Verhouding tussen RLI en andere instanties

De leden van de PvdA-fractie verzoeken een overzicht te geven van instanties die op het werkterrein van de RLI actief zijn (inclusief het Planbureau voor de Leefomgeving en ambtelijke kenniskamers) en verzoeken daarbij aan te geven hoe de werkzaamheden van deze instanties zich verhouden tot de werkzaamheden van de RLI (verbinding met overige kennis- en adviesinfrastructuur). Graag ontvangen deze leden in dat kader een toelichting op de specifieke functie(s) die de regering ziet weggelegd voor de RLI in deze kennisinfrastructuur.

Kennisinstanties op het werkterrein van de RLI kunnen worden onderverdeeld in wetenschappelijke instituten die gelieerd zijn aan de universiteiten, kennisinstituten die programmatisch veel beleidsondersteunend, toegepast wetenschappelijk en valoriserend onderzoek uitvoeren voor de ministeries, zoals RIVM, TNO/GTI’s, ECN en de planbureaus (met name het Planbureau voor de Leefomgeving). Het verschil tussen de RLI en deze kennisinstituten is dat de RLI als adviesraad op basis van ontwikkelde kennis – o.a. voortgekomen uit deze kennisinstituten – nieuwe inzichten destilleert op basis van de brede wetenschappelijke en politiek-bestuurlijke ervaring binnen de raad en met het uit te brengen advies het palet aan handelingsperspectieven voor kabinet en parlement vergroot.

De kenniskamers zijn geen instituten, maar van de ambtelijke top van departementen met vertegenwoordigers van de belangrijkste kennisinstituten om de vraagarticulatie vanuit de departementen te bevorderen.

De leden van de PvdA-fractie vragen of het kabinet de constatering van de Raad van State deelt, dat de verbinding tussen adviescolleges en vraagzijde (regering en parlement) verbeterd dient te worden ten behoeve van meer bruikbare adviezen in de politieke besluitvorming.
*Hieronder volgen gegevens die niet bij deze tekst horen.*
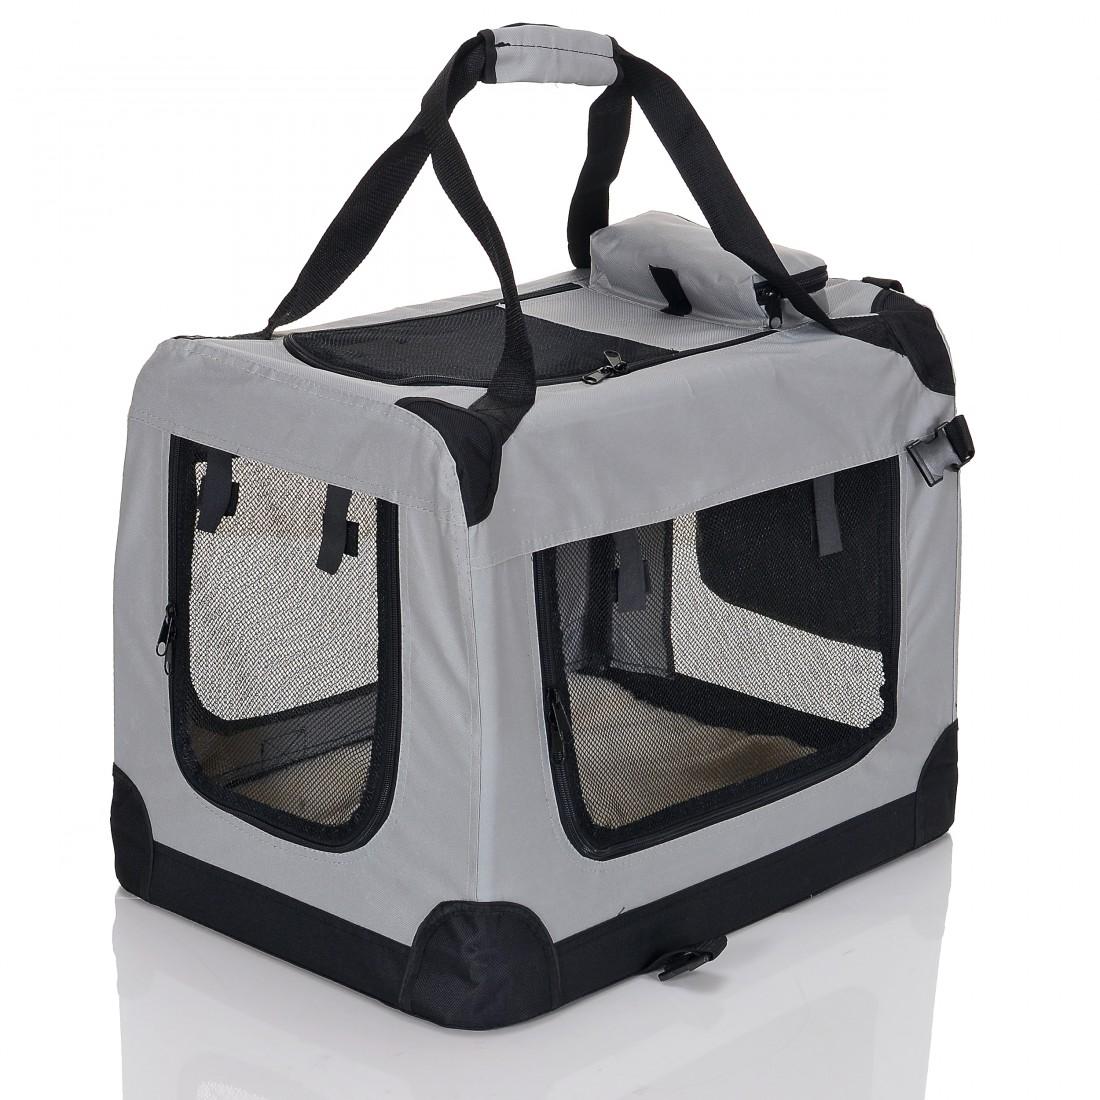 Transportní box pro psa – antracitový – velikost S

En zo ja, op welke wijze dit in de werkwijze van de RLI tot uiting komt.

In de door het vorige kabinet uitgebrachte notitie «Kwaliteit van de Verbinding» is aangeven, dat in de afgelopen jaren al veel is verbeterd in de verbinding tussen adviescolleges en regering en parlement. Departementen ontwikkelen voor een betere vraagarticulatie strategische kennisagenda’s en organiseren kenniskamers, kennismarkten en diverse andere bijeenkomsten om de interactie tussen overheid en kennisinstellingen te bevorderen. Ook de Tweede Kamer laat zich vaker rechtstreeks door de drie adviesraden van de Leefomgeving en Infrastructuur adviseren. Dat neemt niet weg dat het huidige kabinet – evenals het vorige kabinet – van mening is dat een structuurwijziging zoals de voorgestelde samenvoeging van de drie adviesraden voor de leefomgeving en infrastructuur met daarbij nieuwe werkwijzen noodzakelijk is. De structuurwijziging, gekoppeld aan nieuwe kunnen een belangrijke bijdrage leveren aan de gewenste kwaliteitsverbetering in de verbinding tussen overheid en kennis en advies. Hierdoor kunnen adviezen vanuit een breder intersectoraal perspectief adequater inspelen op de complexere vraagstukken van dit moment. Door bundeling van krachten, kan de ondersteuning van de raad beter inspelen op de behoefte. Tenslotte kan door de organisatie flexibeler in te richten beter worden ingespeeld op de vraagstukken die spelen en daarbij de benodigde expertise te betrekken die nodig is om tot kwalitatief goede en vernieuwende adviezen te komen.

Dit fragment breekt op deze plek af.